*About this task*:
Excluding pictures, retype the line with "Illustration Of Dwarf" and each line that follows it to the end of the data below, word for word.

*Information provided*:
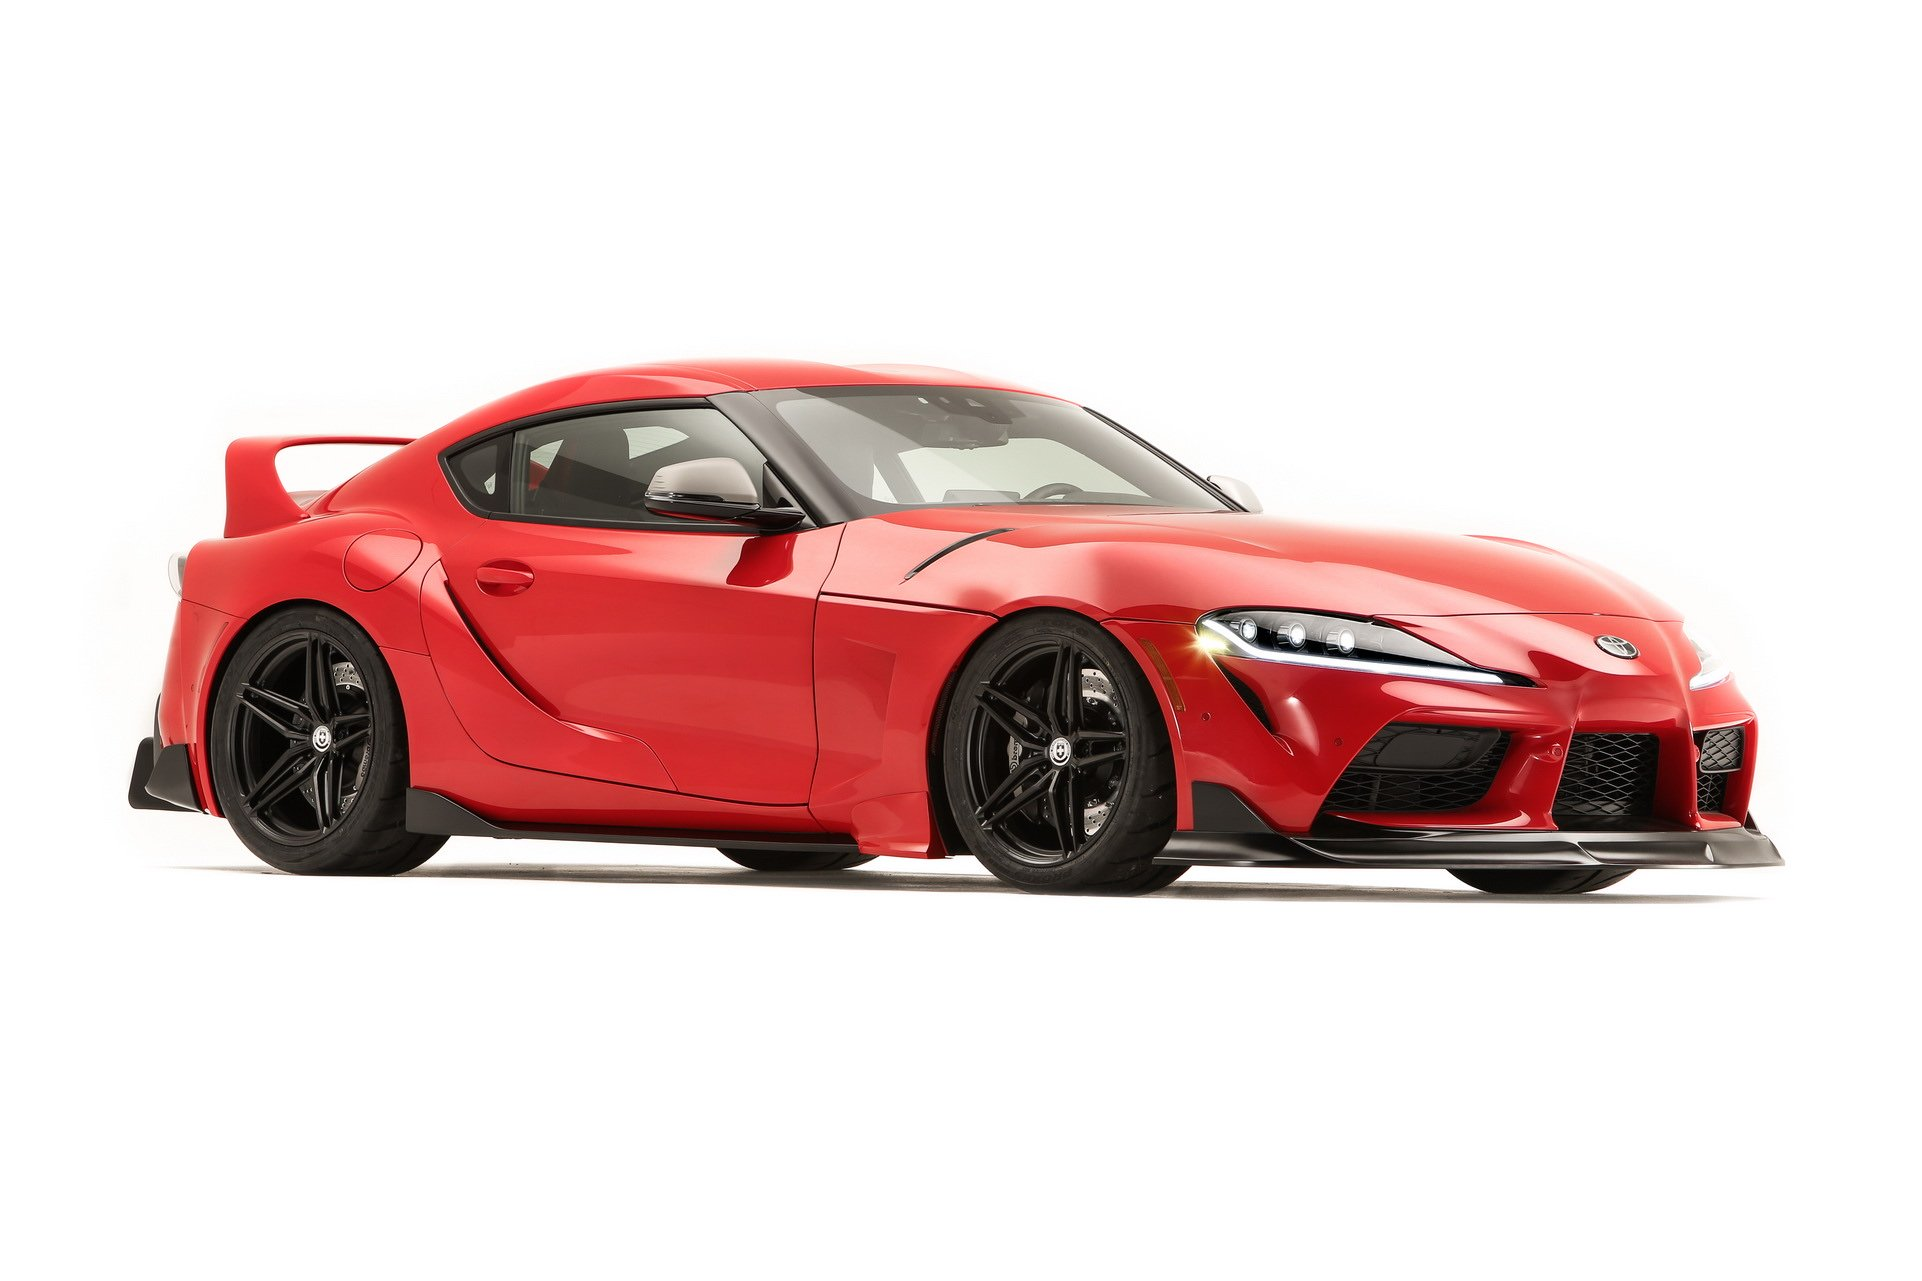 2020-Toyota-GR-Supra-Heritage-Edition-4
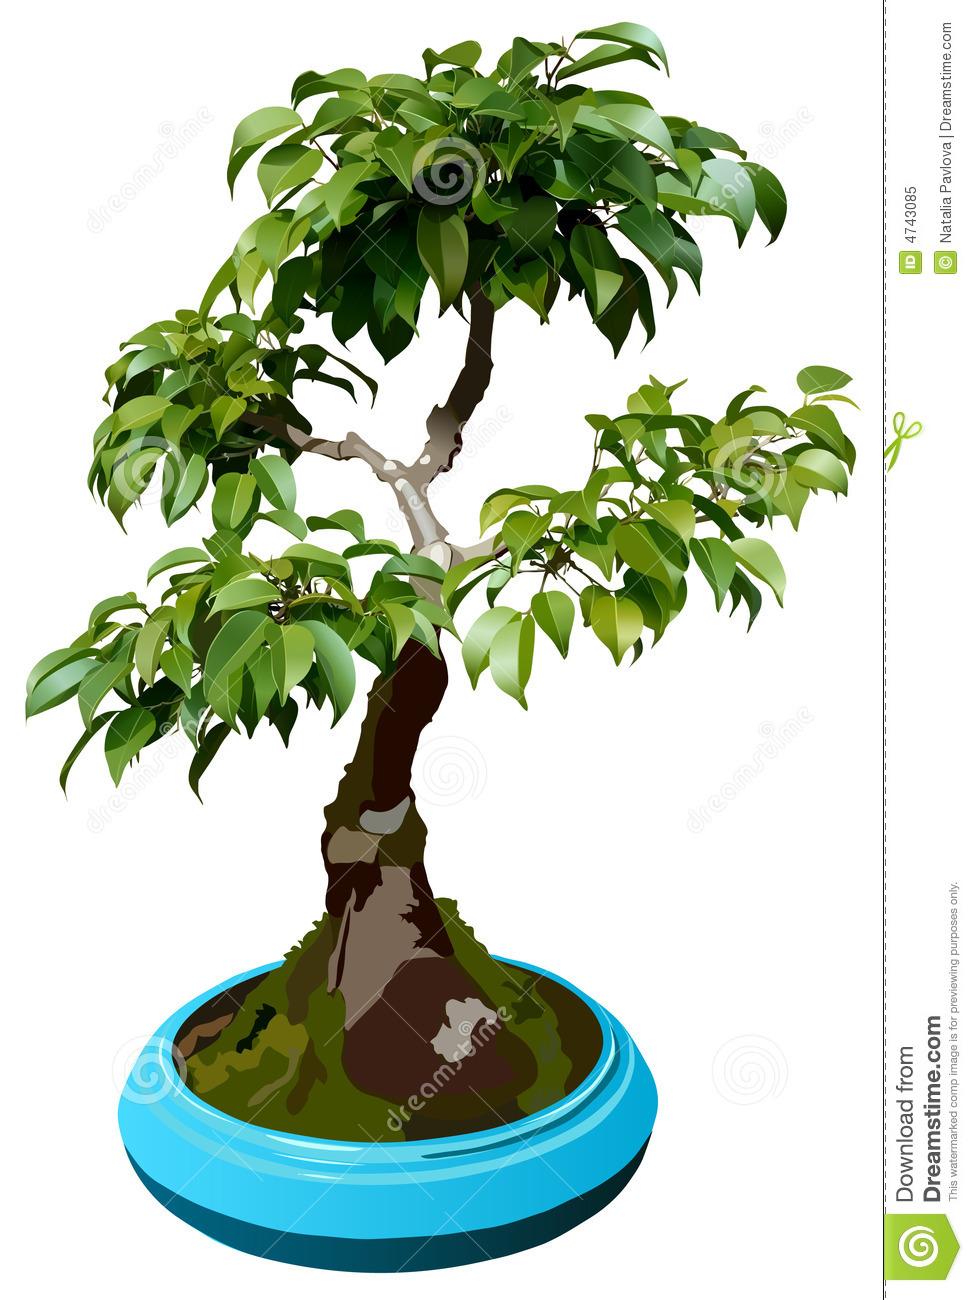 Illustration Of Dwarf Tree Royalty Free Stock Photo.
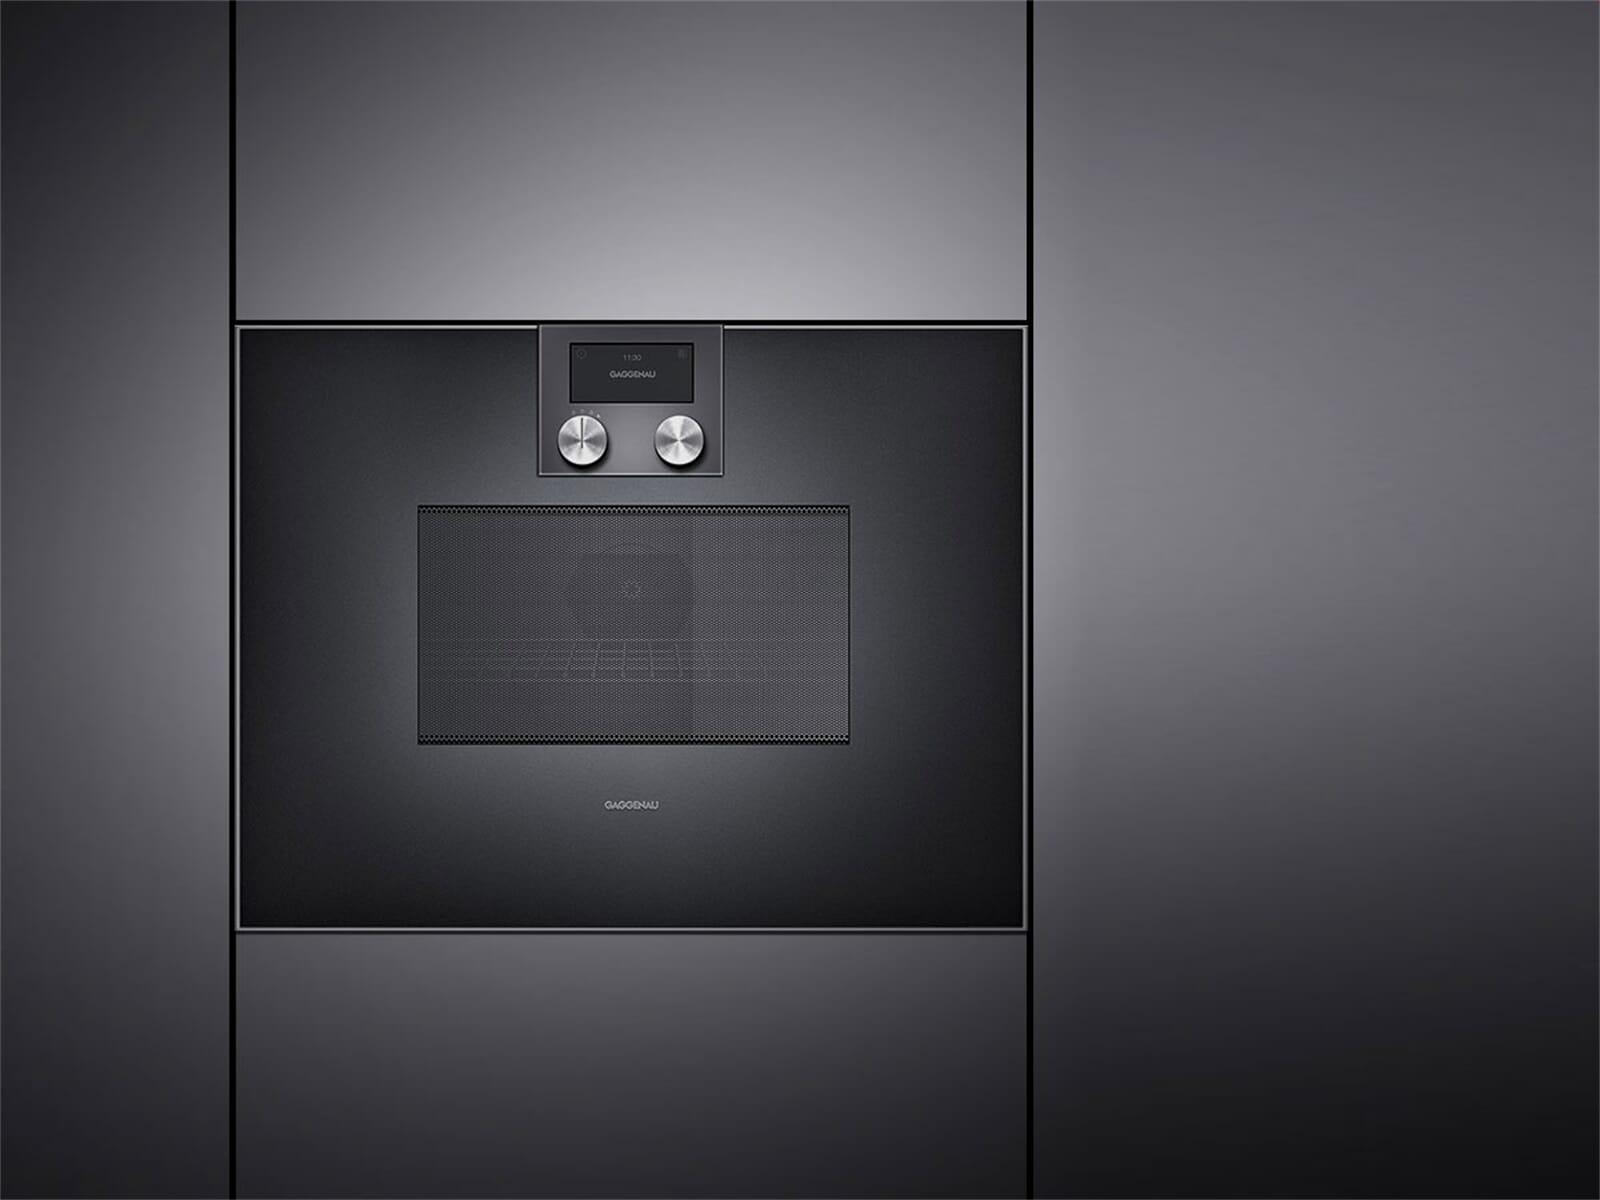 gaggenau bm 451 100 mikrowellen backofen serie 400 anthrazit. Black Bedroom Furniture Sets. Home Design Ideas

*Your solution*:
 Illustration Of Dwarf Tree Royalty Free Stock Photo.
 gaggenau bm 451 100 mikrowellen backofen serie 400 anthrazit. Black Bedroom Furniture Sets. Home Design Ideas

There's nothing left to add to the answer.